Lenin spricht (2 Uhr nachts): „Genossen, wir wollen uns jetzt von unseren asiatischen und afrikanischen Brüdern verabschieden. Auf Flugzeugen, Luftschiffen und Unterseebooten wollen sie versuchen, ihre Heimat zu erreichen. Sie verlassen uns jetzt, um sich bald ganz mit uns vereinigen zu können. Sie werden in ihren Ländern überall den Aufstand vorbereiten. Sie kämpfen dort für uns, so wie wir hier für sie kämpfen. Gegen den Feind der unterdrückten Klassen und der unterdrückten Völker, gegen den Kapitalismus. Sozialer und nationaler Befreiungskampf gehen Hand in Hand. Geht nun hin, Genossen, in eure Länder und bereitet den Aufstand vor!

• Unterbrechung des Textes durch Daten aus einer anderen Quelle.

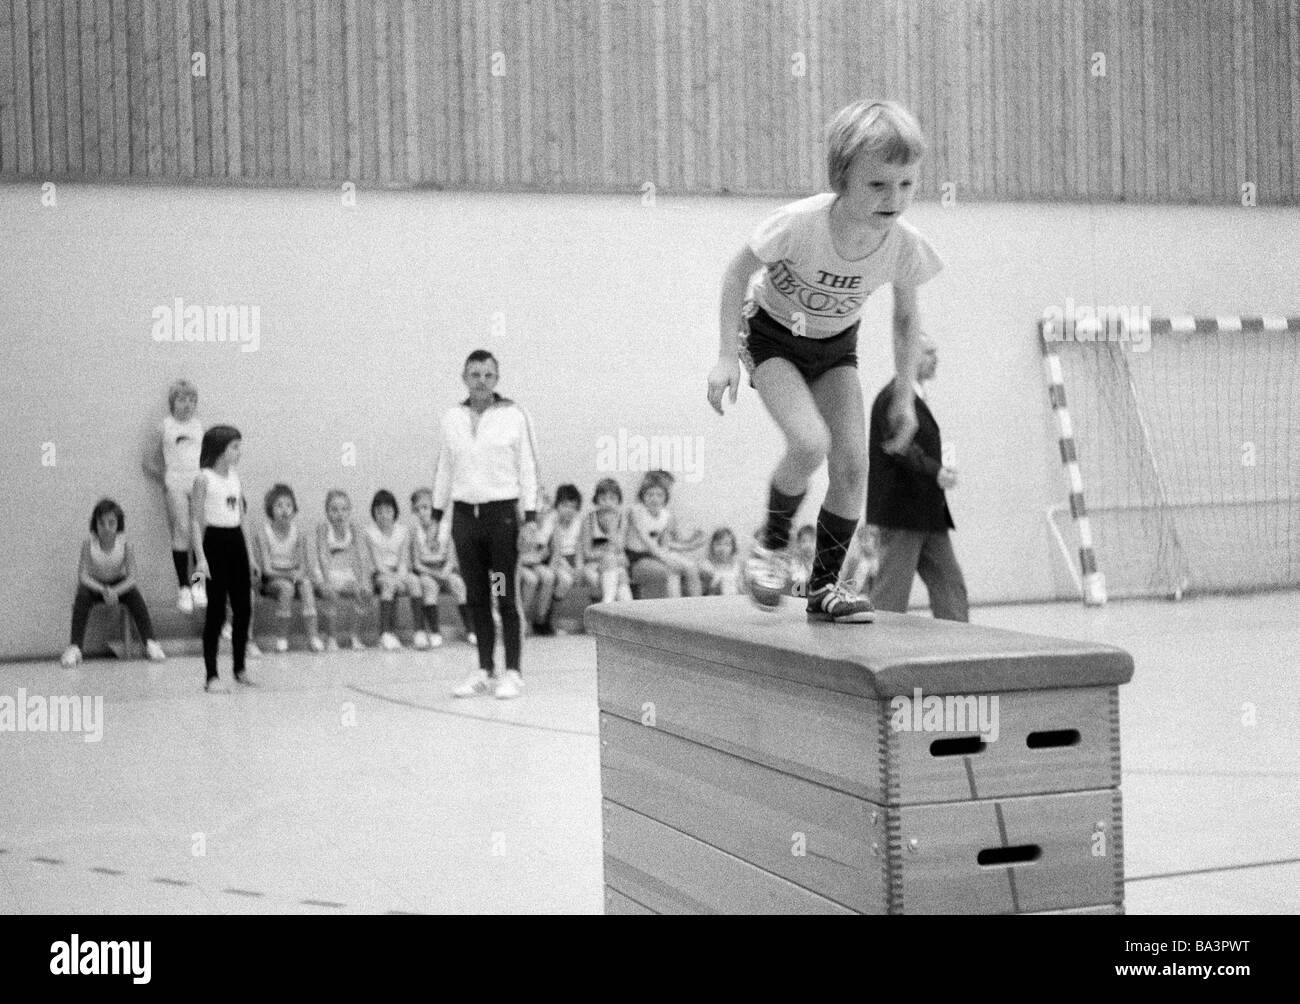 Seventies Black And White Photo Edification School Sports Physical

Ihr chinesischen Genossen, grüßt von uns die chinesische Revolution! Wir werden euch helfen, sie zu vollenden, so wie ihr uns jetzt helft, das Joch des Kapitalismus abzuschütteln. Grüßt Sun Yat-sen. Dankt ihm für sein Telegramm. Ihr Inder, sagt euren Landsleuten, dass die Stunde der Befreiung näher rückt! In den nächsten Wochen wird der Entscheidungskampf an eurer Grenze entbrennen. Seht nicht untätig zu! Helft mit!

Ihr Afrikaner, sorgt dafür, dass kein farbiger Soldat mehr Afrika verlässt! Nehmt den Kampf auf der ganzen Front auf! Vereinigt euch mit den Kräften Abd el Krims. Nie war die Gelegenheit so günstig wie jetzt. Bald werden wir euch vom Osten aus zu Hilfe kommen. Lebt wohl, Genossen, wir sind überzeugt, dass ihr eure Aufgabe erfüllen werdet.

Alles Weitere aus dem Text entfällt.